特集「パレスチナ蹂躙の歴史」(全19本)

◆紛争の構造的対立と「パレスチナの国家承認」を巡る国際的な分裂
パレスチナ問題を解決困難にしている大きな要因の一つが、パレスチナの国家承認への動きに対する世界のスタンスの相違です。近年、パレスチナ国家の正式承認を意図する国が増えていますが、イスラエルはこれを強く非難。さらにイスラエルは国際的な激しい反発を受けながらも、東エルサレムとマアレ・アドゥミム入植地の間を分断する、新たな入植計画を発表しました。反対派は、この計画がパレスチナ国家の希望を打ち砕くと警告しており、イギリスやドイツ、ヨルダン国王も、入植地建設は国際法に明白に違反していると批判。決定の撤回を求めています。一方、米国の一部は、入植地開発はイスラエル政府が決定すべきことであり、原則として国際法違反ではないとの見解を示しており、国際社会での足並みの乱れが見られます。
 
◆外部勢力による緊張増大と、矛盾した経済的依存関係
イスラエルとパレスチナ間の紛争は、外部勢力の関与によって、解決がさらに複雑化しています。イスラム教シーア派の大国イランは、レバノンのヒズボラやガザのハマスなど、米国からテロ組織に指定されている反イスラエル武装組織を支援。「抵抗の枢軸」勢力を拡大してきました。しかしイスラエルとの戦争で、ヒズボラは弱体化。指導部は崩壊し、イラン自体も力を失いつつあります。

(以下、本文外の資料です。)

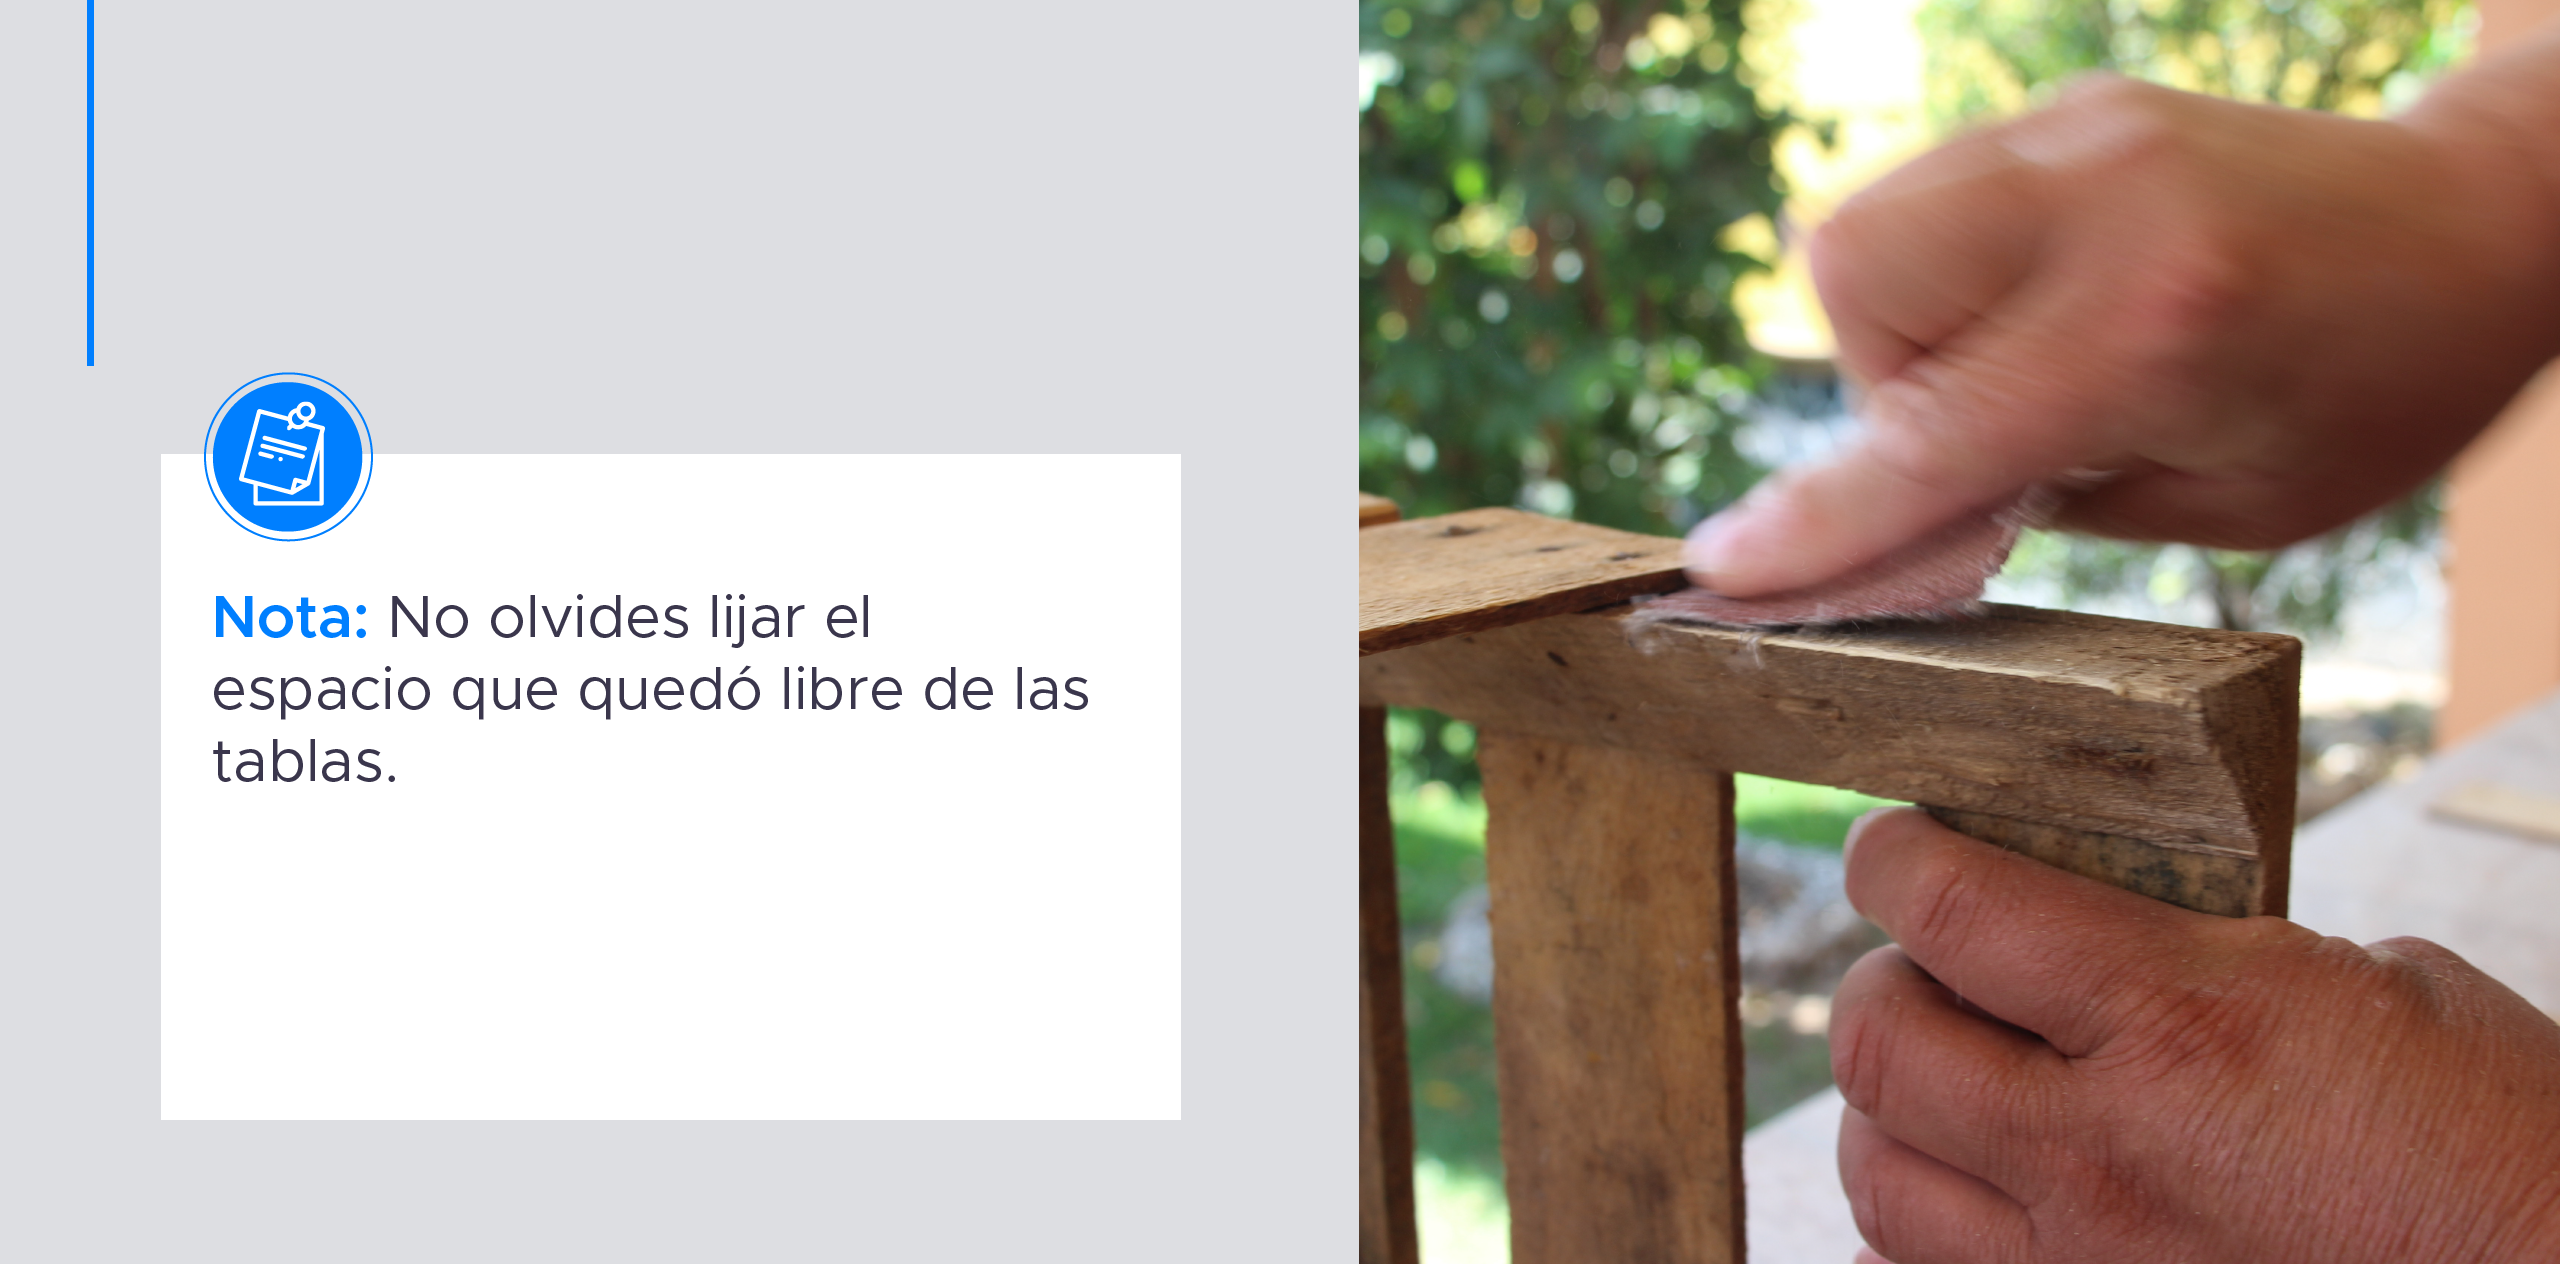 ¡Haz un frutero con huacales de madera! En KeObra te mostramos cómo hacer tus propios muebles con huacales paso a paso.
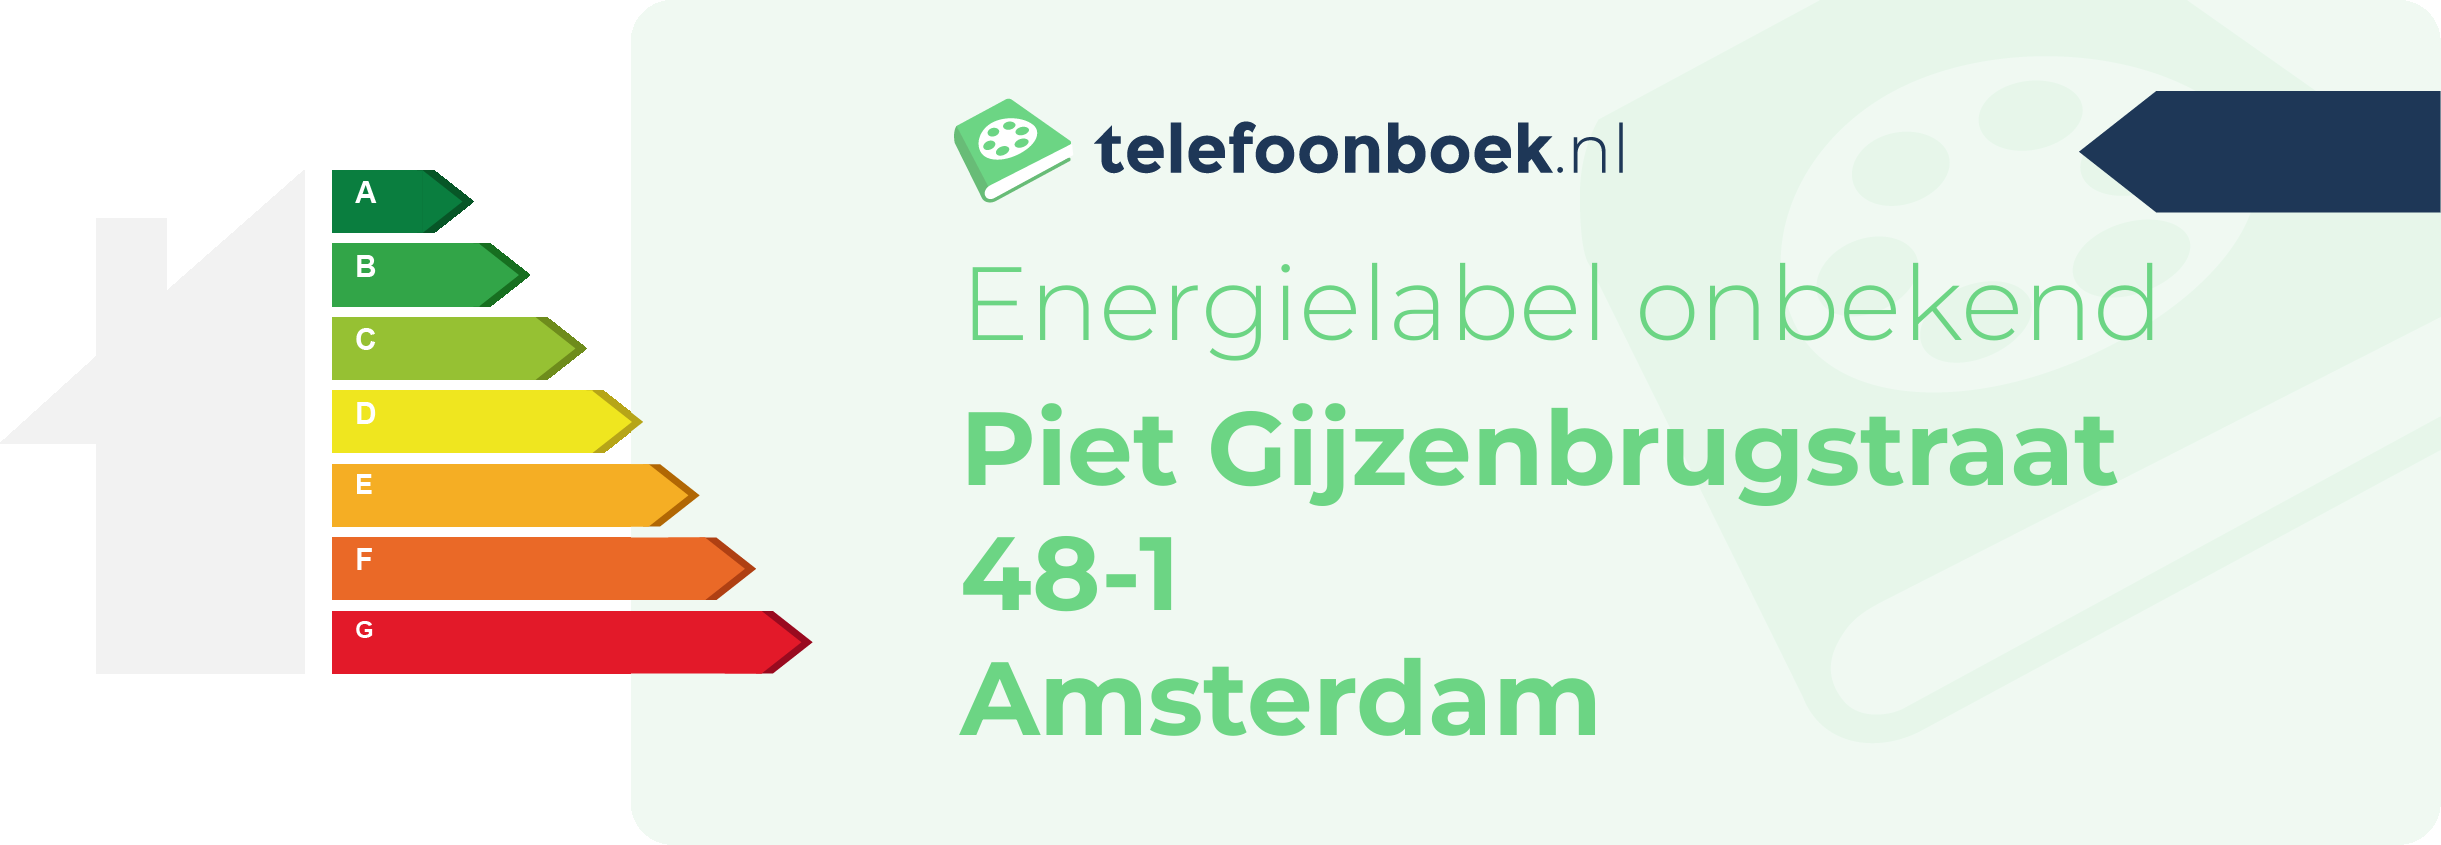 Energielabel Piet Gijzenbrugstraat 48-1 Amsterdam

こうした政治的対立がある一方で、被占領下のパレスチナ人とイスラエル企業の間には、生活と労働力確保という経済的な依存関係が存在。国内インフラが破壊され低賃金の仕事しかないパレスチナ人は、生活のために検問や国境を越えてイスラエルで不法労働者として潜入し、イスラエル企業は安価な労働力を確保したいという構造的な格差が、密航・密入国を後押ししています。
 
◆情報の検閲や批判の封殺による、分断の固定化
平和への道は、情報の統制と相互理解を阻む社会的な分断によって妨げられています。イスラエル軍は1982年にPLO公文書館から押収したパレスチナの貴重な歴史映像の公開を拒否し続け、歴史認識の形成においても情報をコントロールしています。イスラエル占領に批判的な立場を取る若いユダヤ人を追ったドキュメンタリー映画『イスラエル主義』は、「反ユダヤ主義」の非難を浴び、大学運営者や外部団体からの組織的なキャンペーン(数万通のメール攻撃など)により、上映が直前で中止または延期される事態が繰り返し発生していますこうした批判的議論の抑圧が、相互理解の機会を奪うと同時に、国際社会に対して「見せるための映像」や「100%どちらかに偏った映像」といった無意識のバイアスをかけ、分断を固定化させています。